Bowling isn’t as overtly physical as weightlifting or running a marathon, but to succeed as a bowler, you must learn to control your body and movements very carefully. Even subtle changes to your posture and technique can have a big impact on the outcome of a game, for better or worse. So, how can you step up your game and bowl more strikes? Today, we’re going to share some advice on how to improve your bowling balance.
Why is balance important for bowling?
The game of bowling is all about consistency and controlled energy, which makes balance one of the most important elements of the game. Wavering in your stance or being off your center of gravity when you make a throw can change the trajectory of the ball with disastrous results.
How to improve your bowling balance
There are many ways to strengthen your balance skills when bowling, but these tips should get you off to a good start.
Concentrate on your approach
- Keep your knees bent and your torso tilted about 10 or 15 degrees forward as you begin your approach.
- As you move towards the lane, keep some bend in your knees with each step of your approach. By flexing your knees, you’re putting more of your weight onto your leg muscles, which will give you more power in your throw when you finally release the ball.
- Keep your upper body still as you approach, with no unnecessary movement. Focus especially on your head. Just as you would try to keep your head still when balancing a book while walking, you should be keeping your head up, eyes forward, and maintain this posture through your throw.
Make your throw count
- When you throw the ball, your balance leg should move opposite the direction of your bowling arm swing as you move into your slide, staying in contact with the floor to help stabilize your torso and balance out the momentum generated from your swing.

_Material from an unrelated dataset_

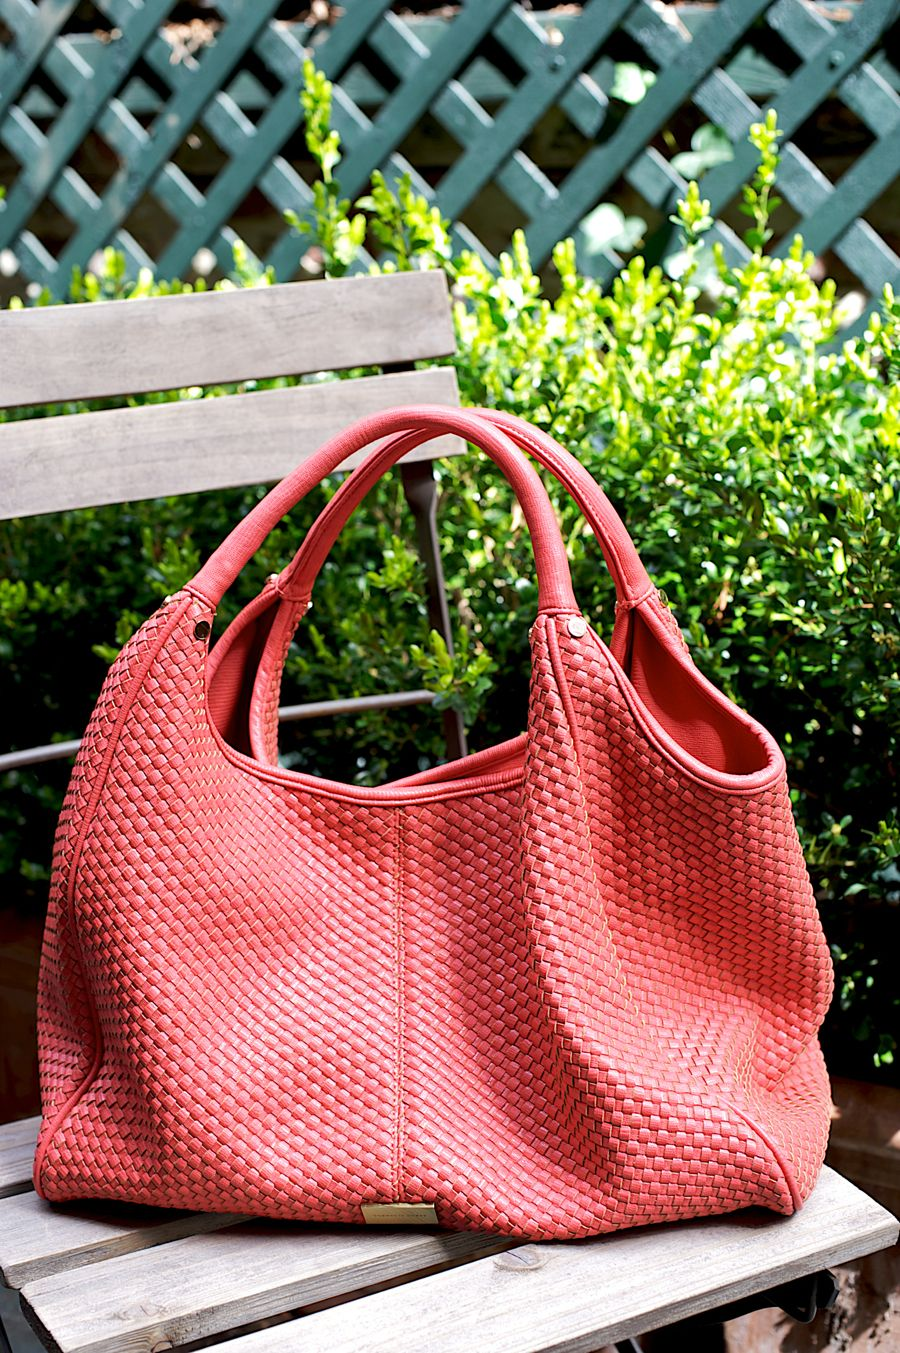 Handbag Cruelty By Free Cornelia A GuestBags Pinterest OXZPkiu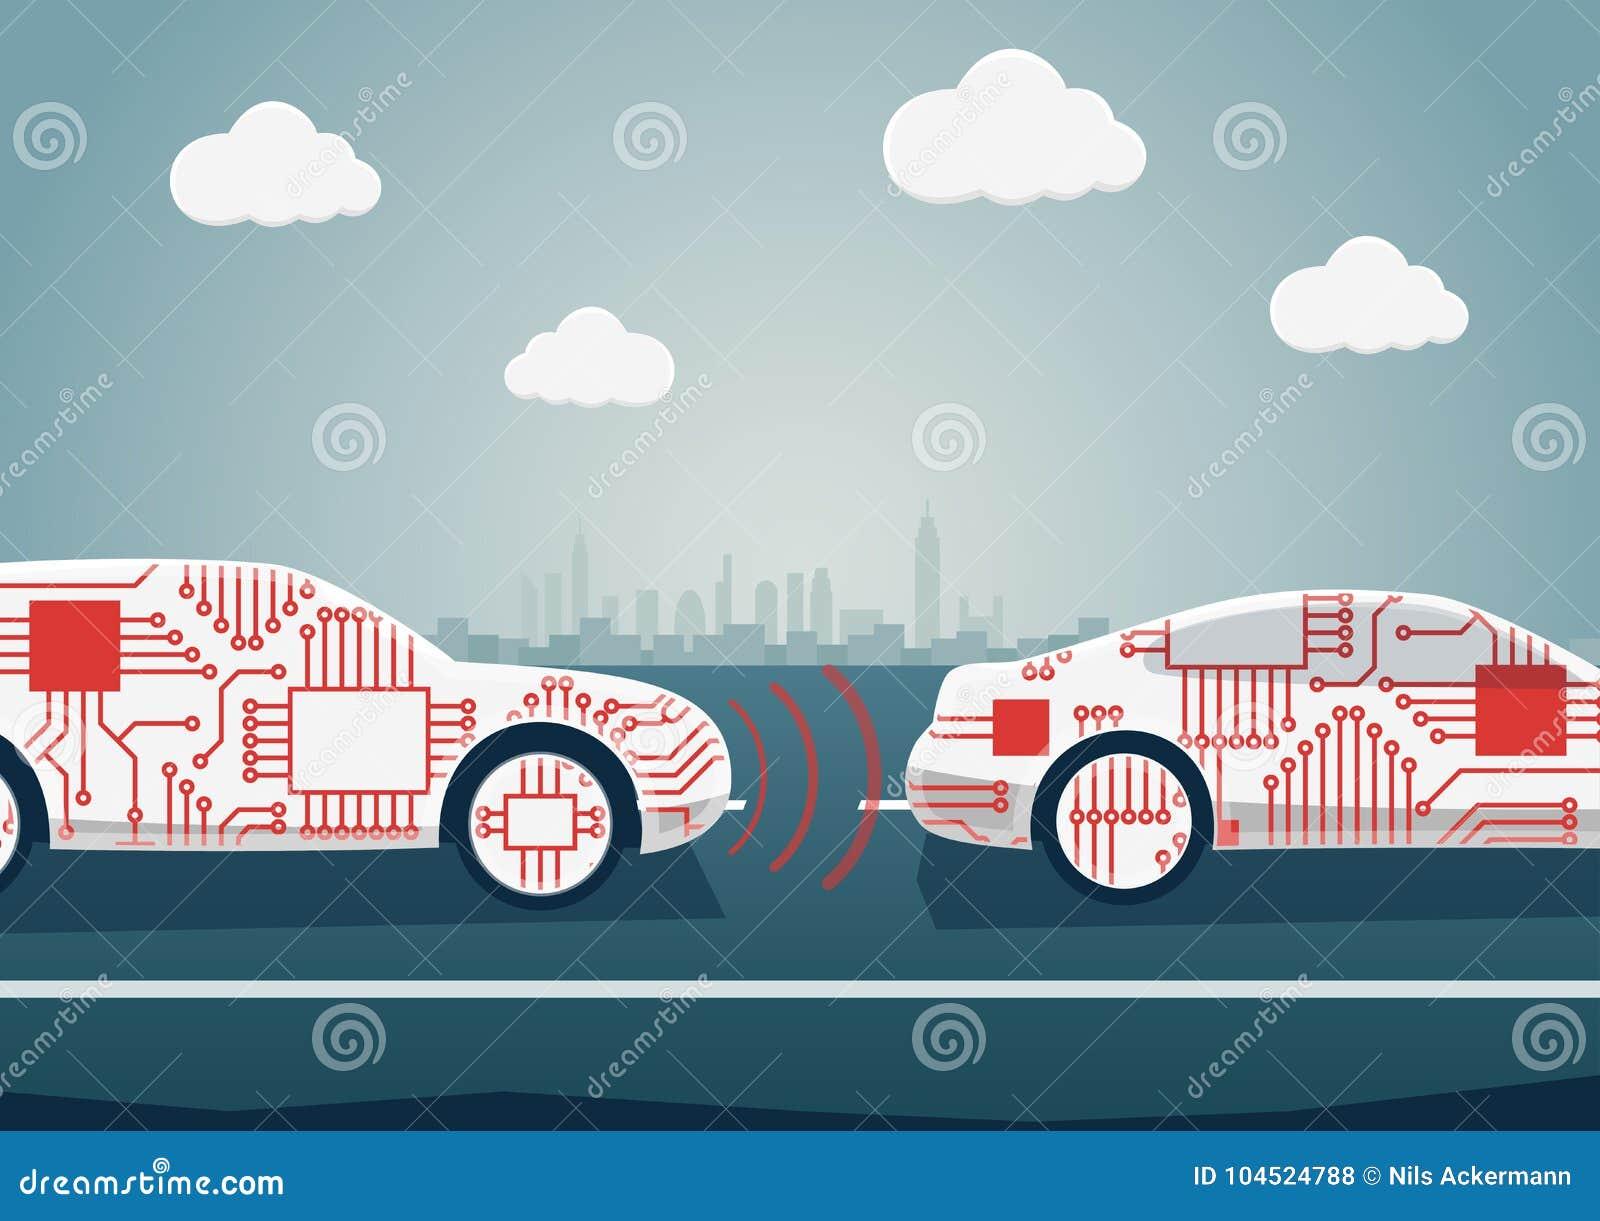 Autonomous Driving Concept As Example For Digitalisation Of

- As you release the ball, keep your sliding shoe in line with the boards of the lane and positioned under your center of gravity to ensure stability when you release the ball.
- Keep your shoulders positioned directly over the knee of your sliding leg, providing stability as you release the ball.
- Continue to keep your head up and your eyes trained on your target. Keep your chin at shoulder level or higher so as not to shift your weight during the throw.
- Don’t forget your follow through! As you swing and release the ball, allow your arm to complete and hold the motion until your ball has traveled down the lane. Hold this final posture for a couple of seconds.